Supplied data:
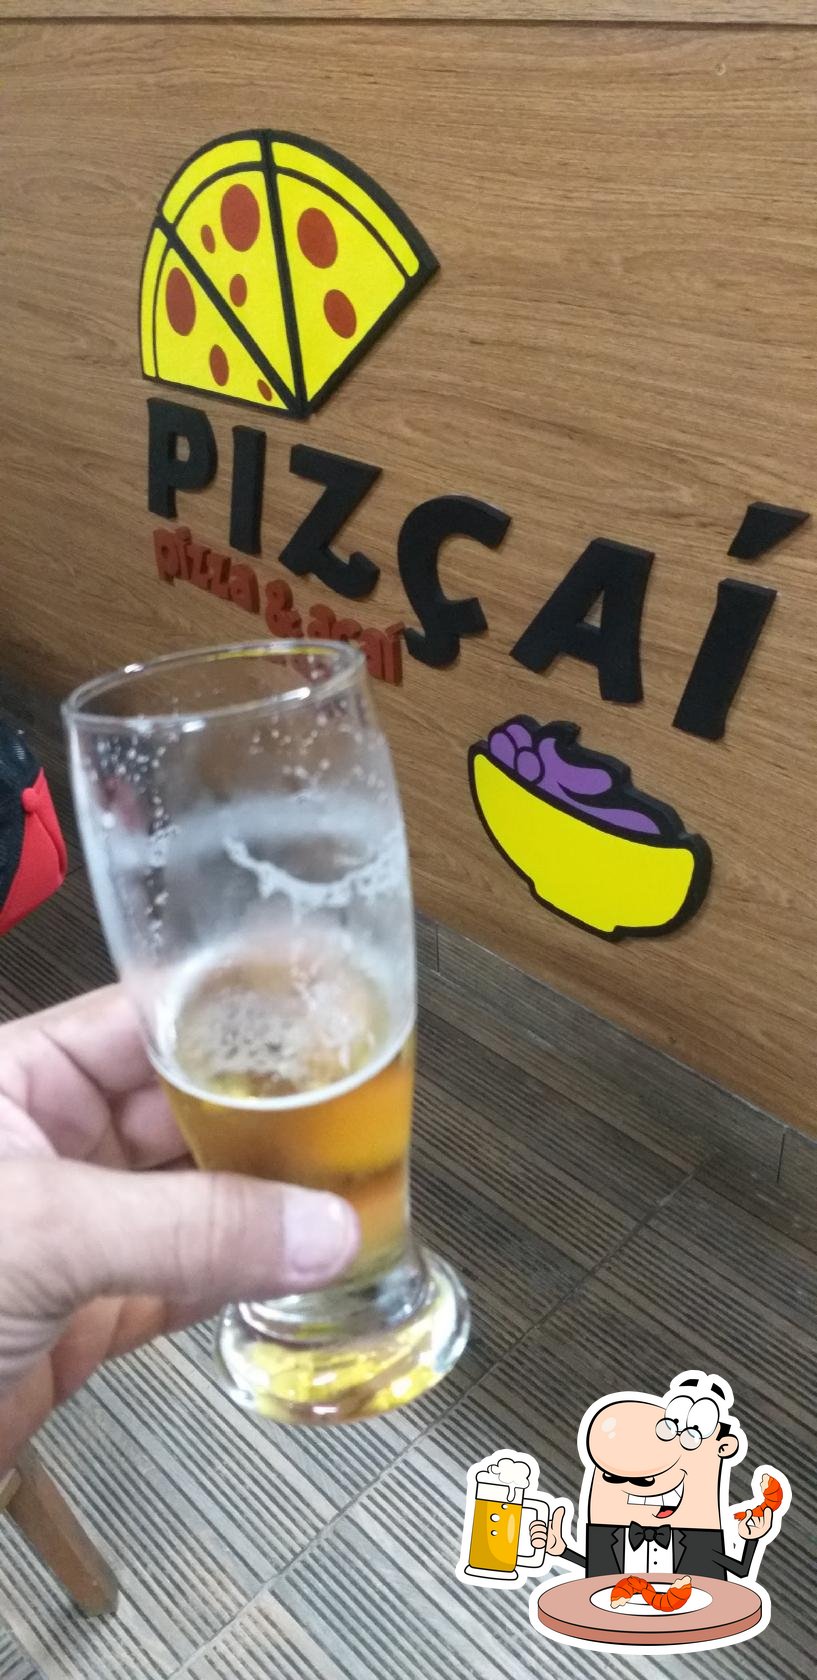 Pizçaí, Pizza place
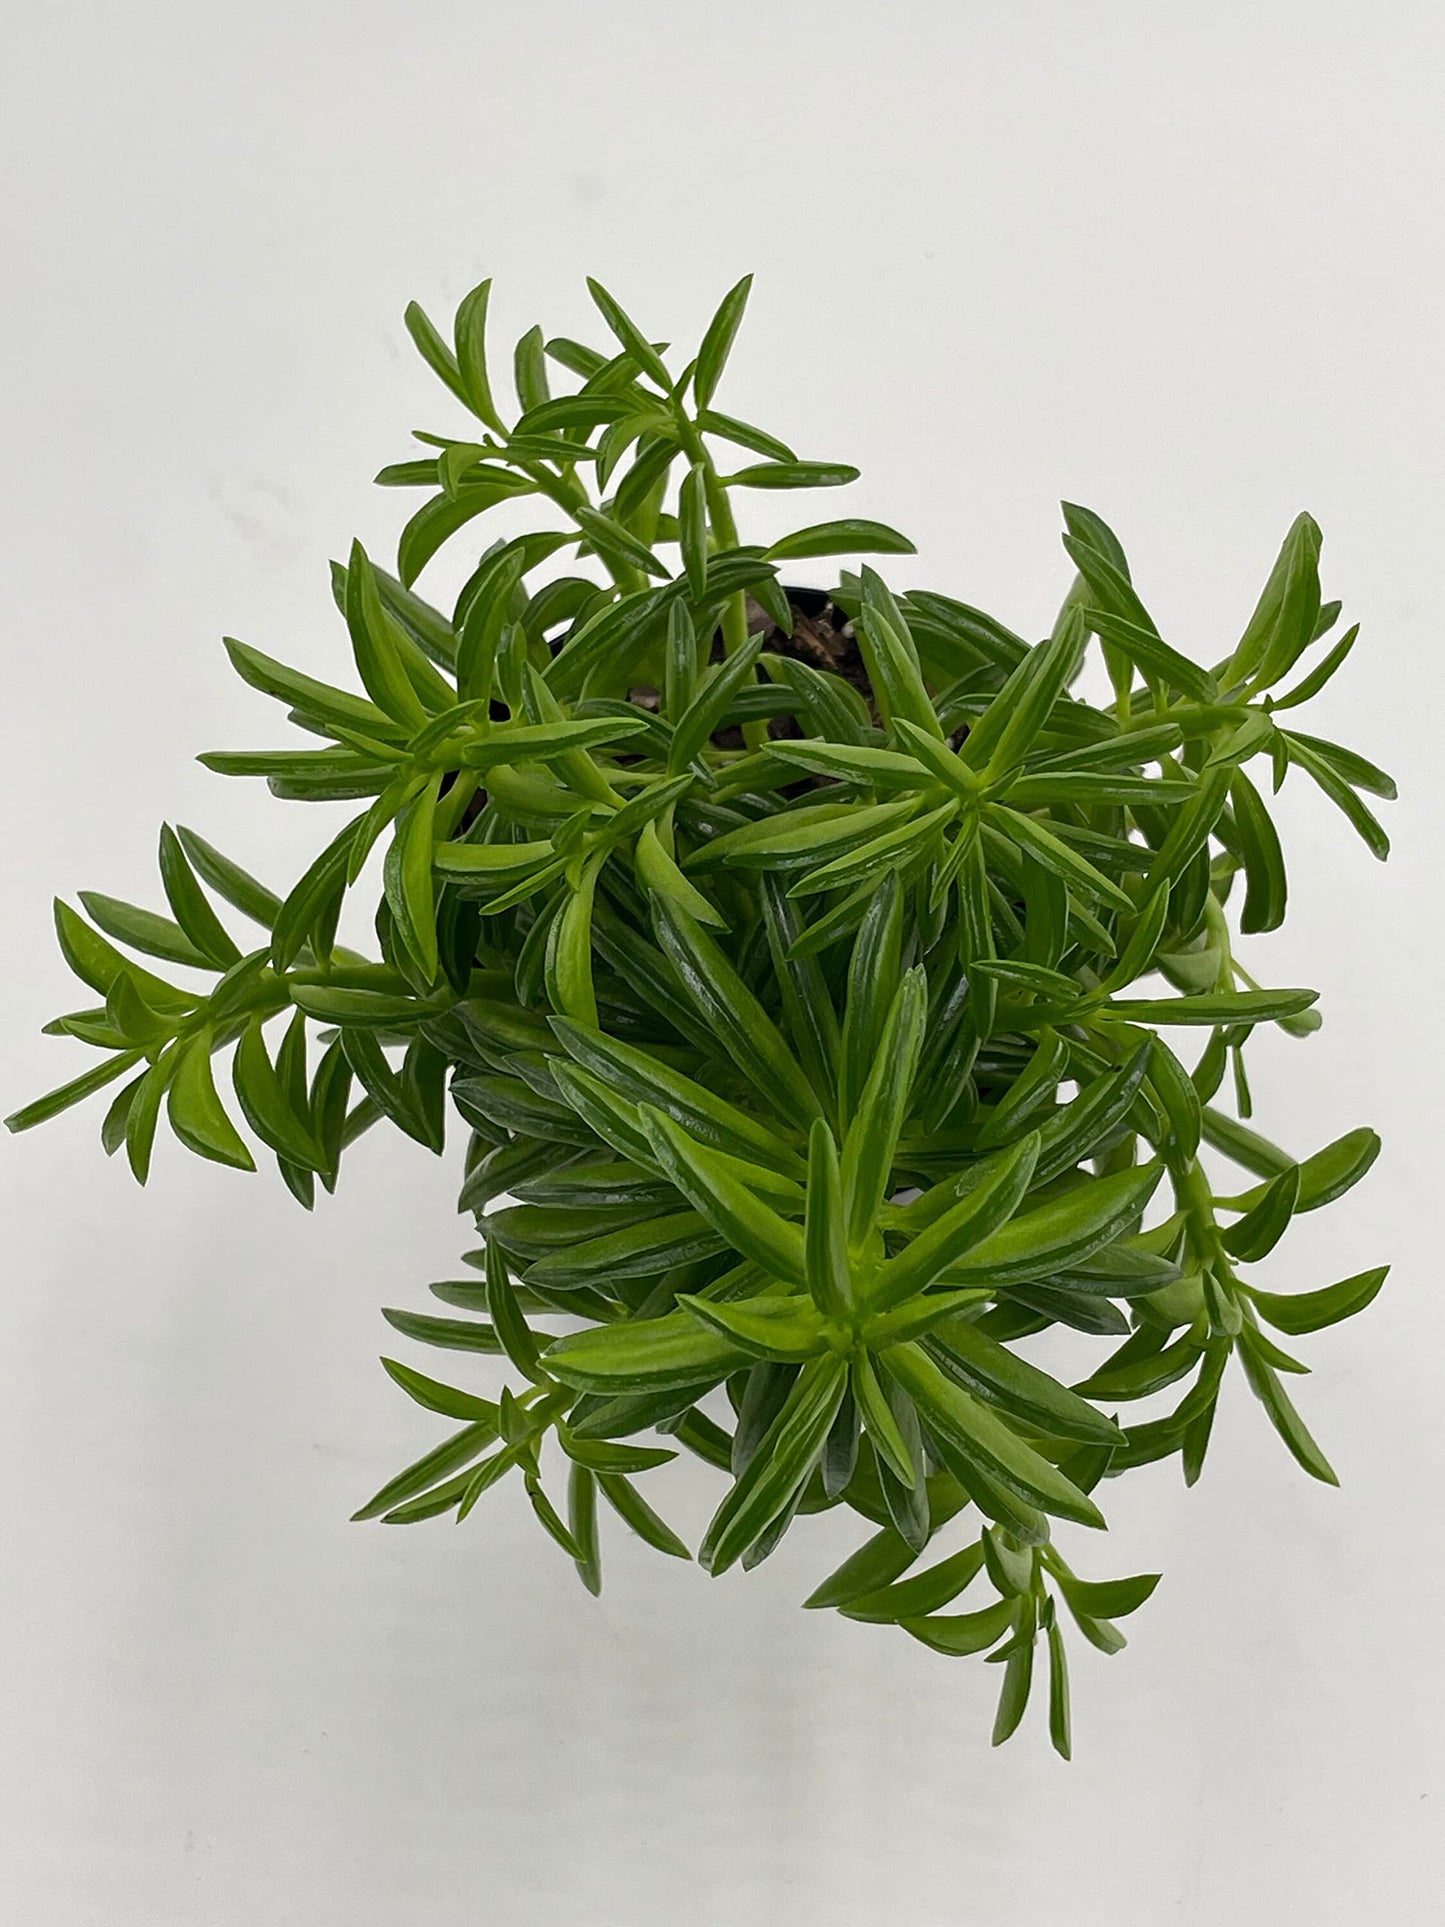 Taco Plant/Peperomia axillaris/Happy Bean/Peperomia ferreyrae Yunck/philodendron selloum, Horsehead philodendron, Tree philodendron
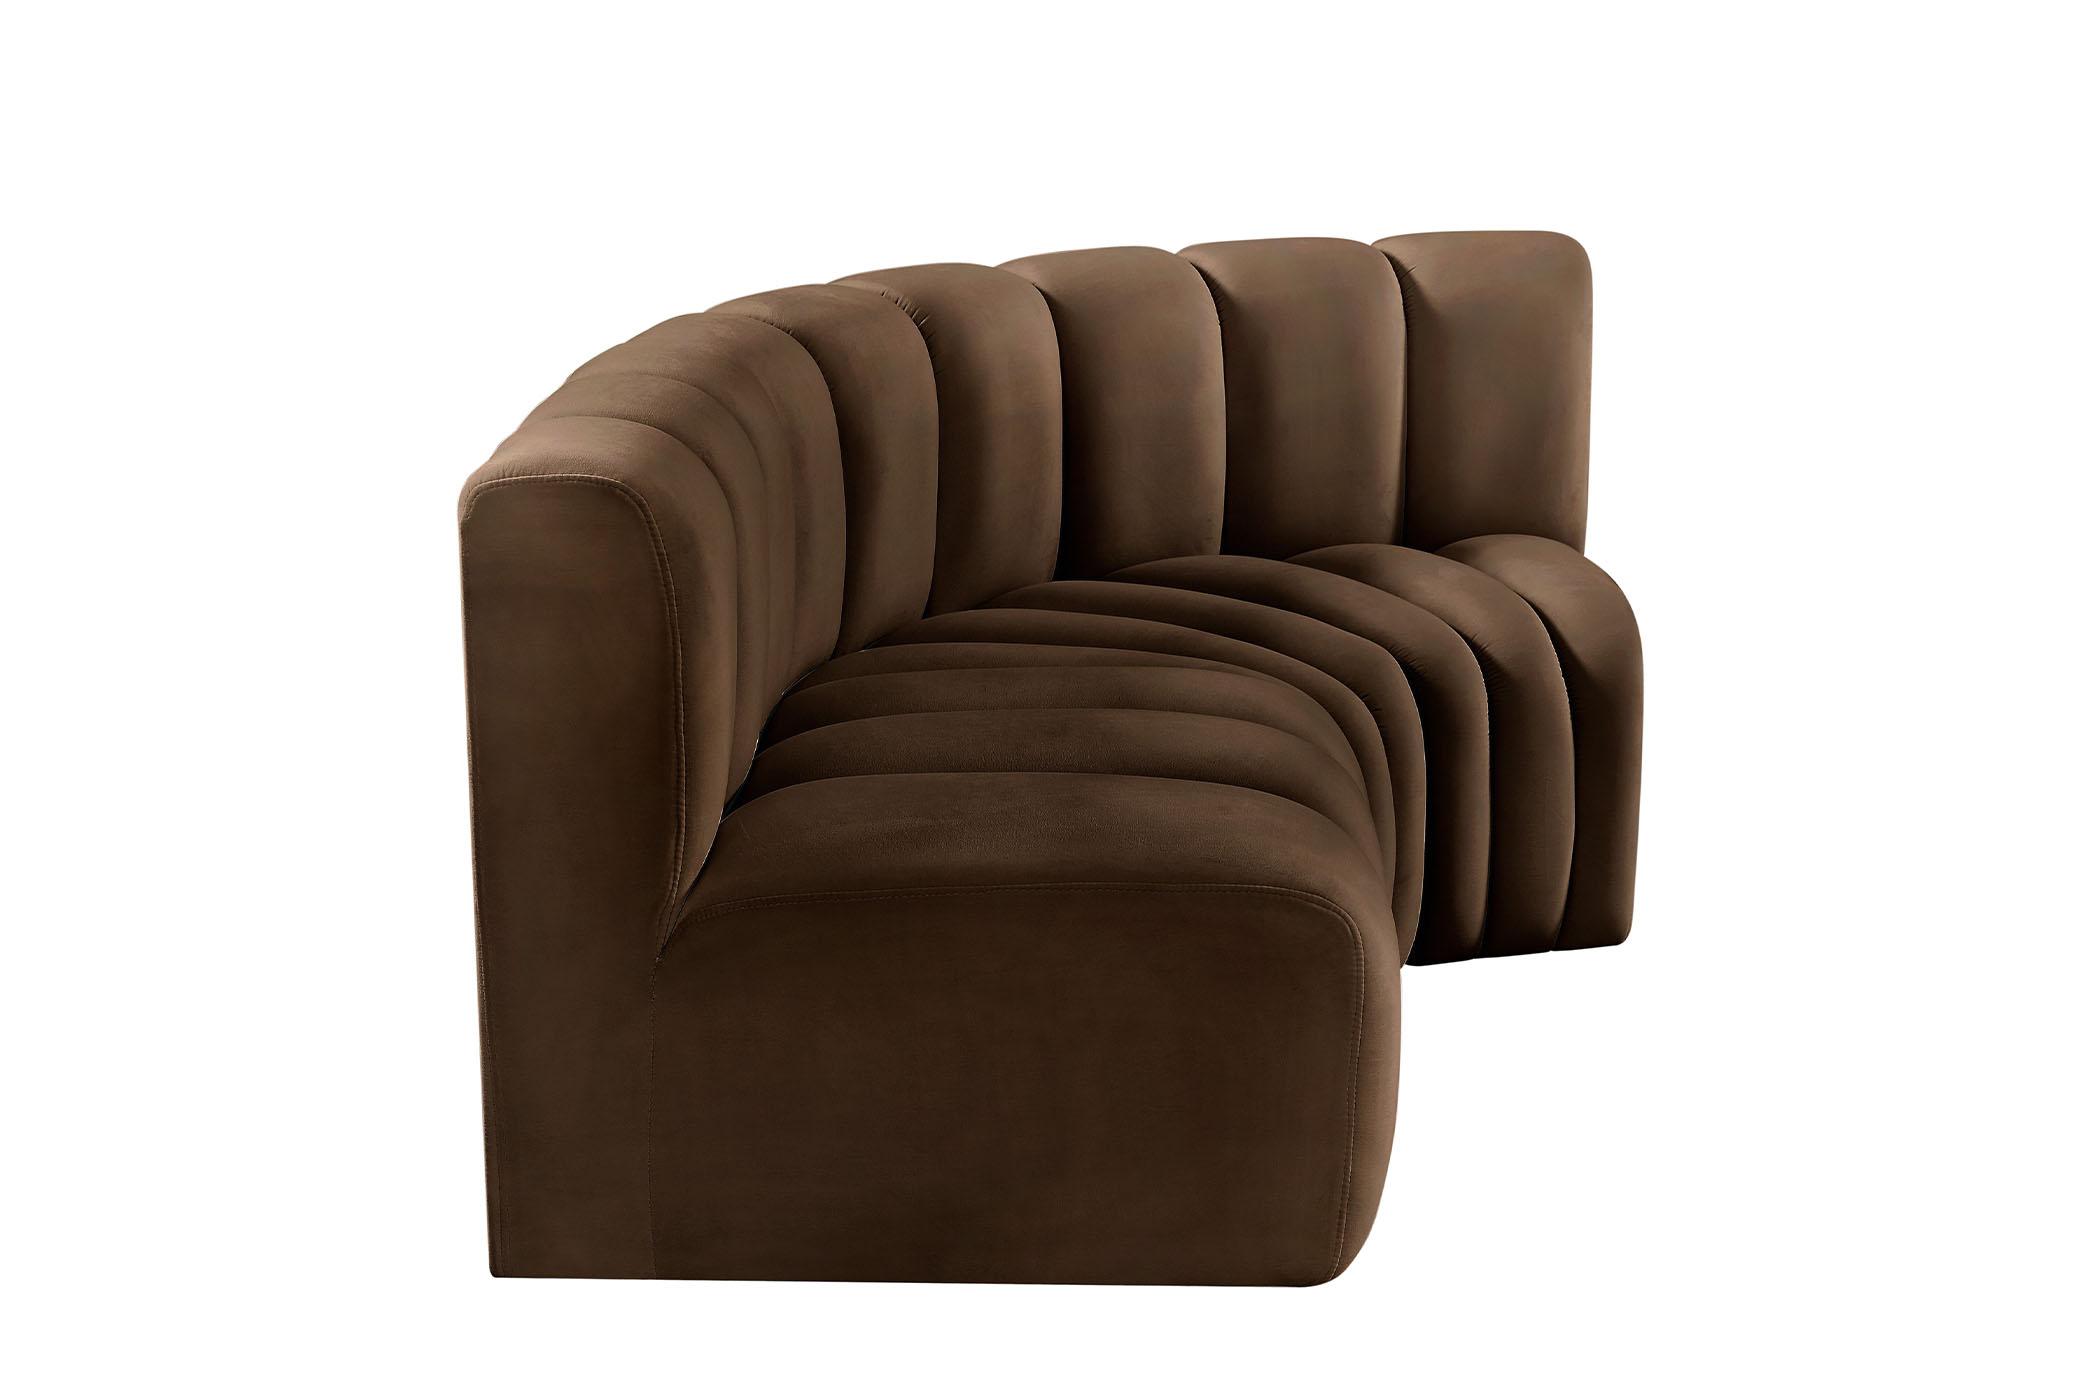 

    
103Brown-S3A Meridian Furniture Modular Sectional Sofa

About this task:
An exact reproduction of the data is needed, with no pictures included.

Answer box:
 Pizçaí, Pizza place
 Taco Plant/Peperomia axillaris/Happy Bean/Peperomia ferreyrae Yunck/philodendron selloum, Horsehead philodendron, Tree philodendron

    
103Brown-S3A Meridian Furniture Modular Sectional Sofa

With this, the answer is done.